Is it possible to call the hosted text-generation APIs in such a way as to get low-latency partial streaming results, without having to wait for the full completion to be returned as JSON?
OpenAI has a stream parameter, documented here:
And InferKit has a streamResponse parameter, documented here:
Based on the lack of response, I’m assuming this isn’t currently possible with the hosted Huggingface APIs. Is this the kind of thing that might easily be implemented, if I file a feature-request ticket on the github project?

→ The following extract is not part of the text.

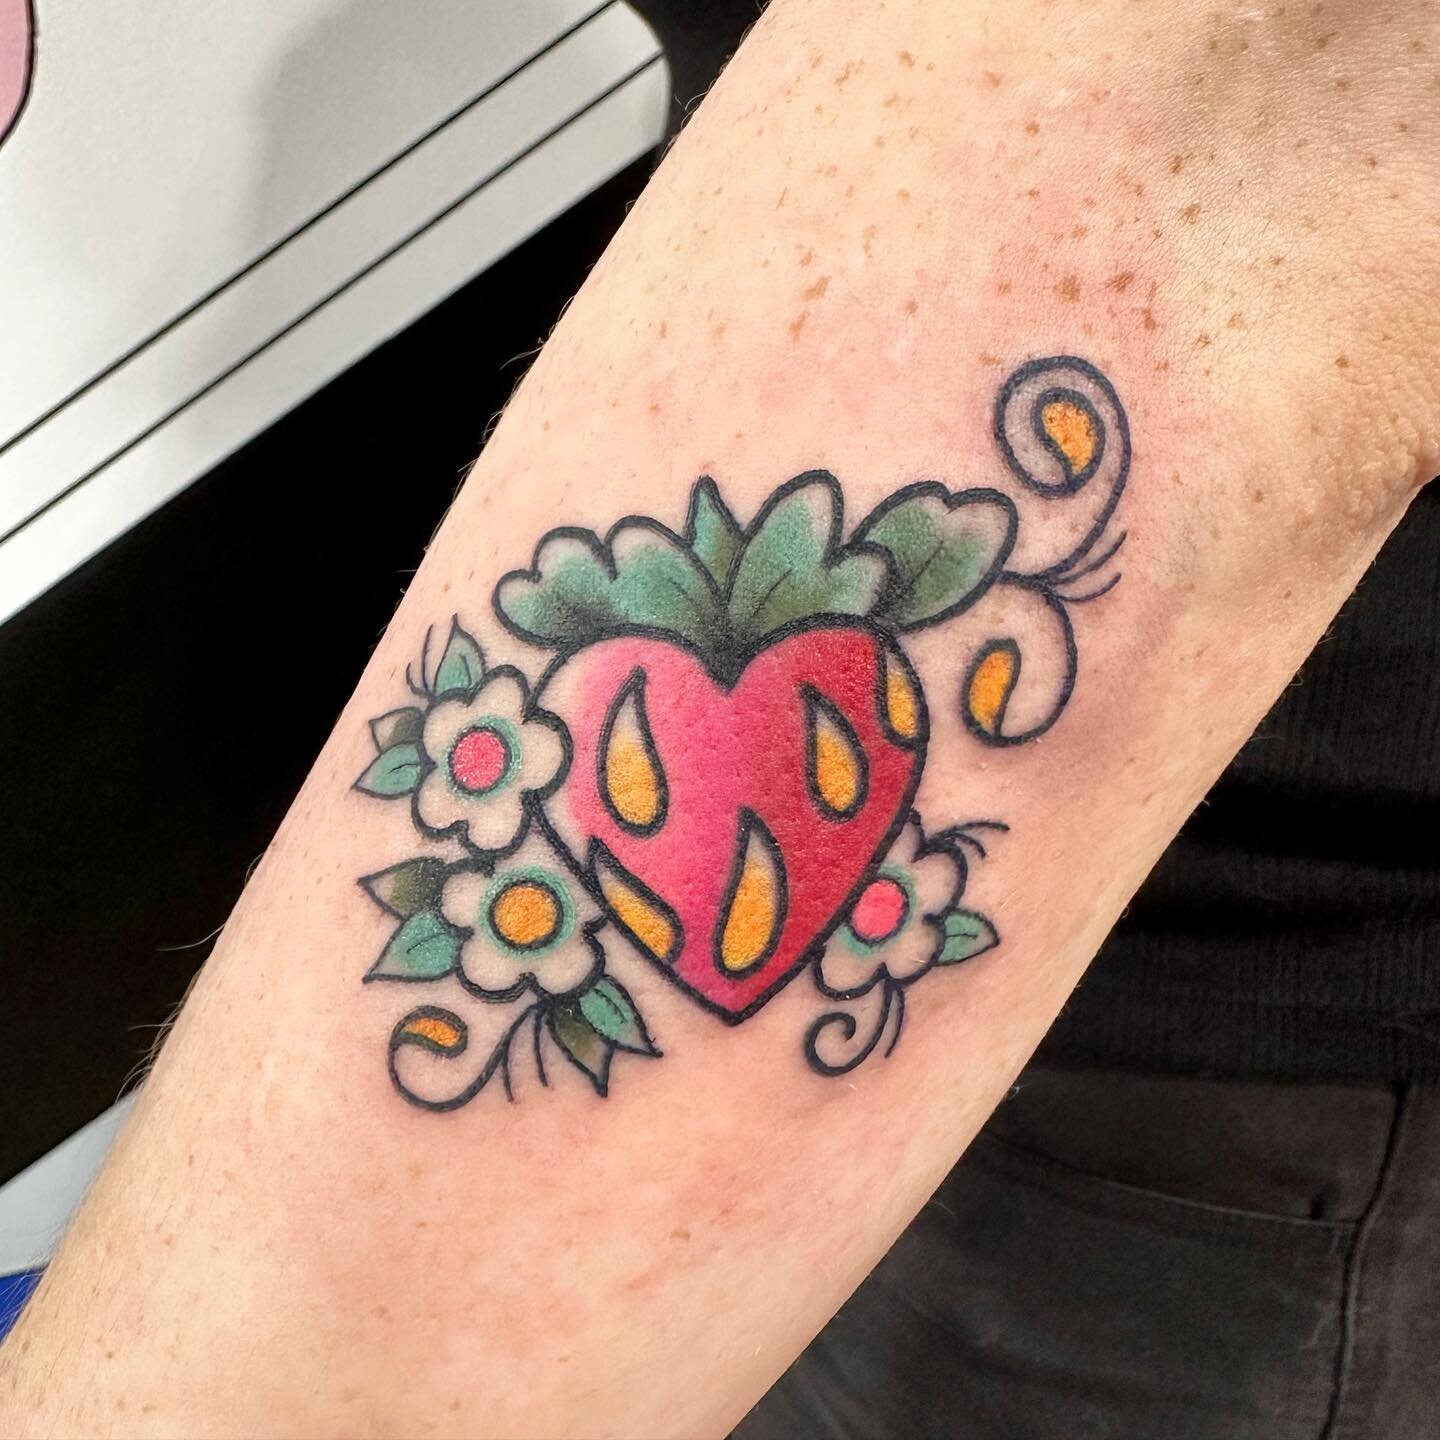 🍓Strawberry🍓 for my pal @kerbside_violets! Thank you for the good company. #strawberry #strawberrytattoo #tattoo #tattoos #kankakeecounty #kankakeetattoo #bradleyillinois #chicagotattoo #illinoistattoo
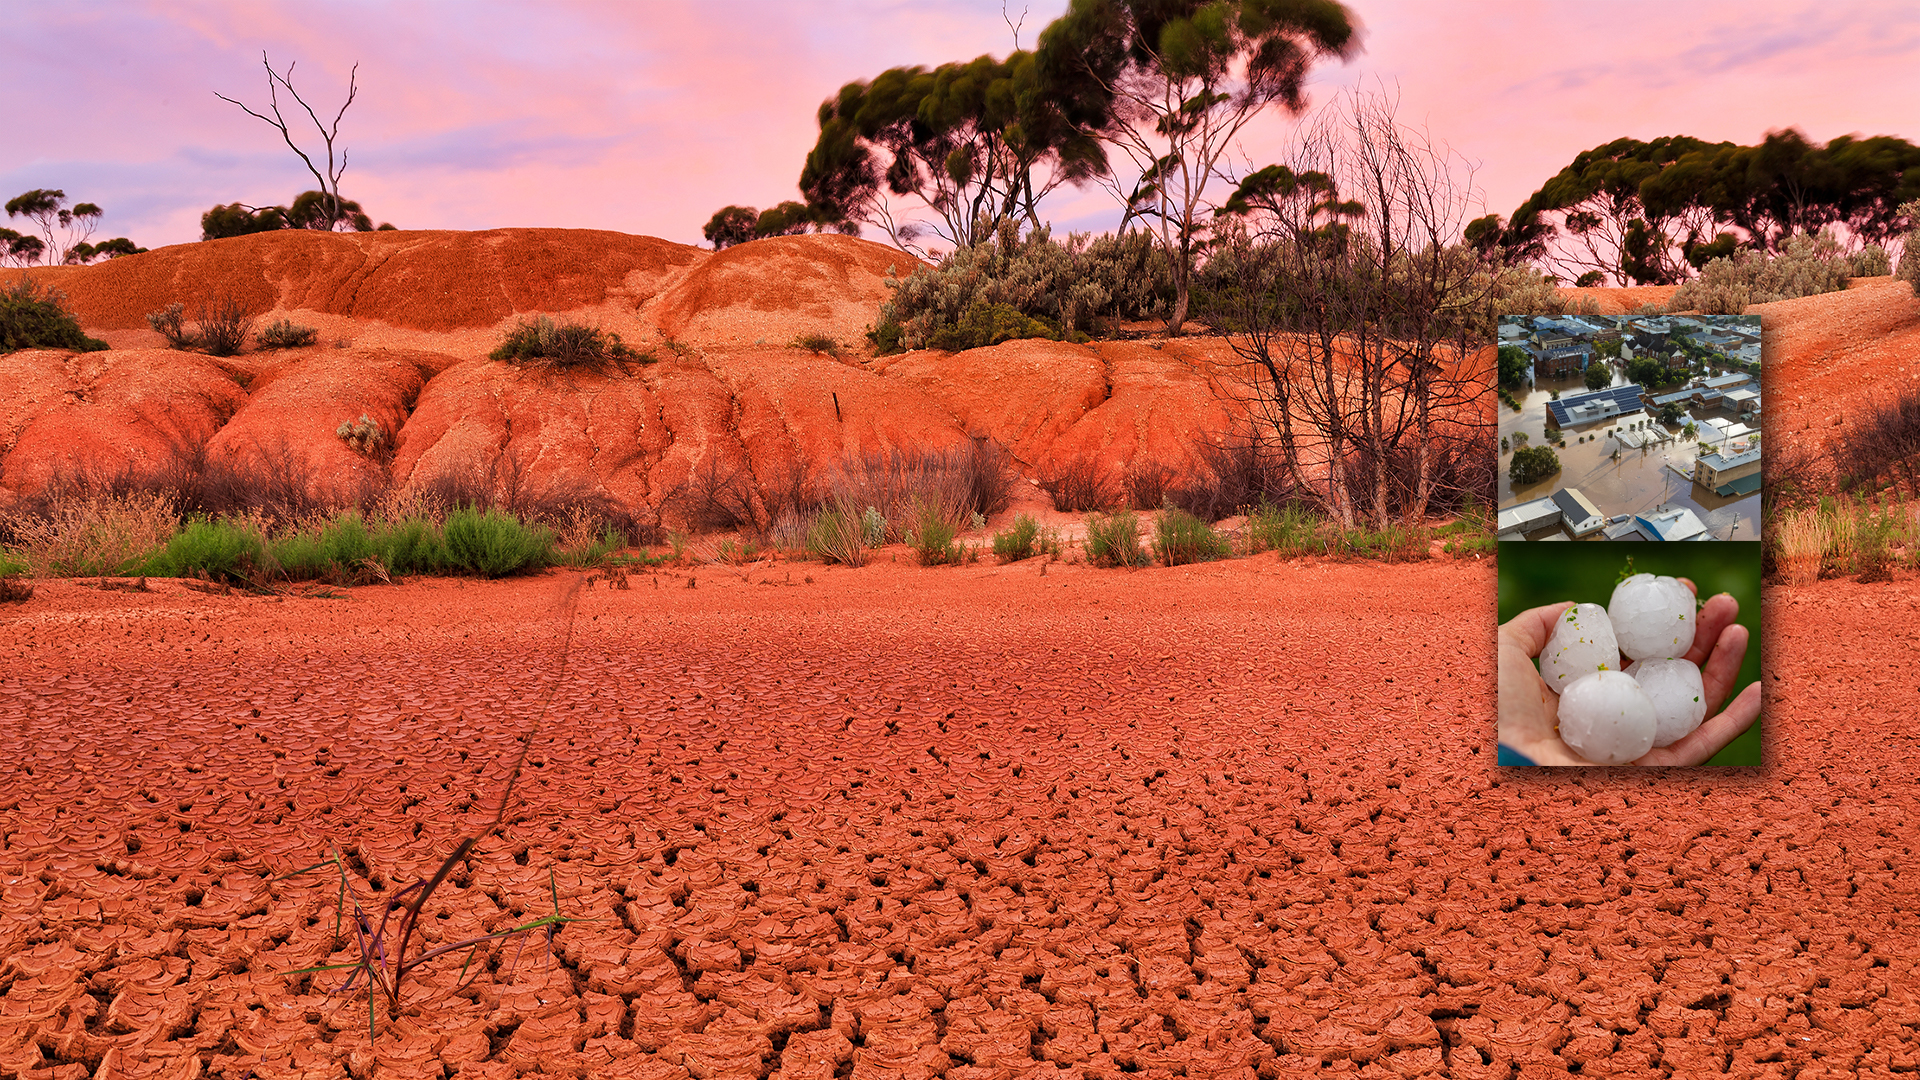 Examples of extreme natural hazards in Australia such as hail, heat stress and flooding.

For long generation, we currently don’t have a chunking option like InferKit seems to propose.
What we do have is a parameter max_time to limit the time of the in flight request (since latency seems to depend on actual usage and user, if you’re doing live suggestions, then time to the first suggestion is really important).
The streaming mentioned by @osanseviero is another option, but more fit for “batch-like” jobs, where you want to feed a GPU and you are not as latency sensitive (so you can send all your work at once, and just wait for the answers).
If I understand correctly, for long generation this would not be the case since every new generation would depend on the previously generated token. Yet definitely a viable option.
Here is an example of how that would work in Python:
import json
import os
import requests
API_TOKEN = os.getenv("HF_API_TOKEN")
headers = {"Authorization": f"Bearer {API_TOKEN}"}
API_URL = "https://api-inference.huggingface.co/models/gpt2"
def streaming(payload):
inputs = ""
for i in range(10):
data = json.dumps(payload)
response = requests.request("POST", API_URL, headers=headers, data=data)
return_data = json.loads(response.content.decode("utf-8"))
inputs = return_data[0]["generated_text"]
payload["inputs"] += inputs
print("---" * 20)
print(payload["inputs"])
print("---" * 20)
streaming(
{
"inputs": "The answer to the universe is",
"parameters": {"max_time": 1, "return_full_text": False},
}
)
At any rate, if I wanted to file an enhancement request in a github ticket for something like this, should I create it in the transformers project, or the huggingface_hub project?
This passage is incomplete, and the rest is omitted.